Kein Kompromiss beim Klinik-Atlas – Transparency International warnt vor Interessenkonflikten
Unabhängigkeit des Klinik-Atlas wird infrage gestellt
Die AG Medizin und Gesundheit von Transparency International Deutschland e.V. äußert deutliche Kritik an den geplanten Änderungen beim Klinik-Atlas. Demnach sollen die Verantwortlichkeiten künftig vom Bundesgesundheitsministerium auf den Gemeinsamen Bundesausschuss (G-BA) übergehen.
Der Klinik-Atlas dient Patient:innen als Orientierungshilfe, um informierte Entscheidungen darüber zu treffen, in welcher Klinik ihre Erkrankung am besten behandelt werden kann. Transparency International Deutschland warnt jedoch, dass der G-BA nicht unabhängig agieren kann, da er von einflussreichen Interessenverbänden getragen wird, darunter die Kassenärztliche Bundesvereinigung, die Kassenzahnärztliche Bundesvereinigung, die Deutsche Krankenhausgesellschaft sowie der Spitzenverband der gesetzlichen Krankenkassen.
„Alle diese Organisationen verfolgen eigene Interessen.

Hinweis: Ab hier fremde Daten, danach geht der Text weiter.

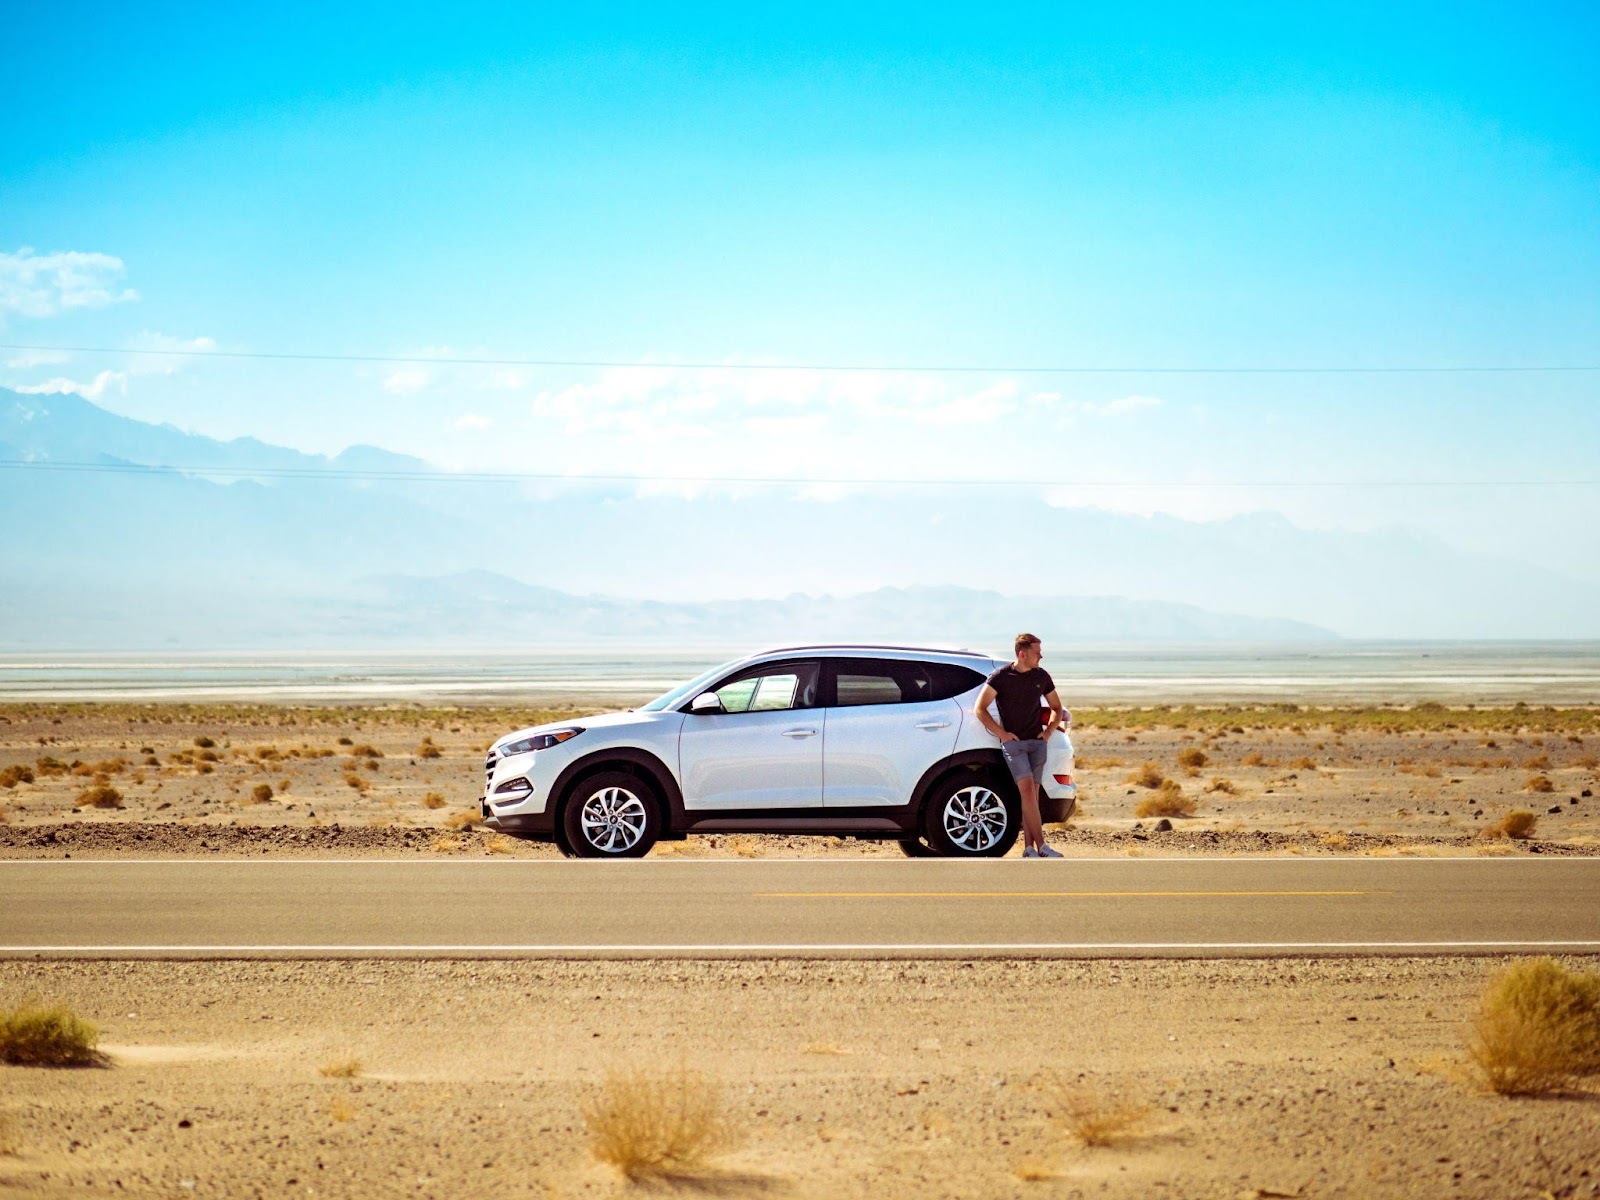 Ensure an Unforgettable Road Trip Experience

Eine neutrale Gestaltung des Klinik-Atlas ist unter diesen Bedingungen nicht gewährleistet“, erklärt Transparency International Deutschland. Die Organisation fordert daher, dass der Klinik-Atlas entweder beim Bundesgesundheitsministerium verbleibt oder an eine unabhängige Institution ohne Interessenkonflikte übergeben wird.
Transparency International Deutschland sieht in der Übertragung auf den G-BA eine mögliche Gefährdung der Verlässlichkeit und Transparenz des Instruments, das für Patient:innen eine entscheidende Informationsquelle darstellt. Nur eine unabhängige Institution könne gewährleisten, dass die Daten objektiv aufbereitet und frei von Interesseneinflüssen dargestellt werden.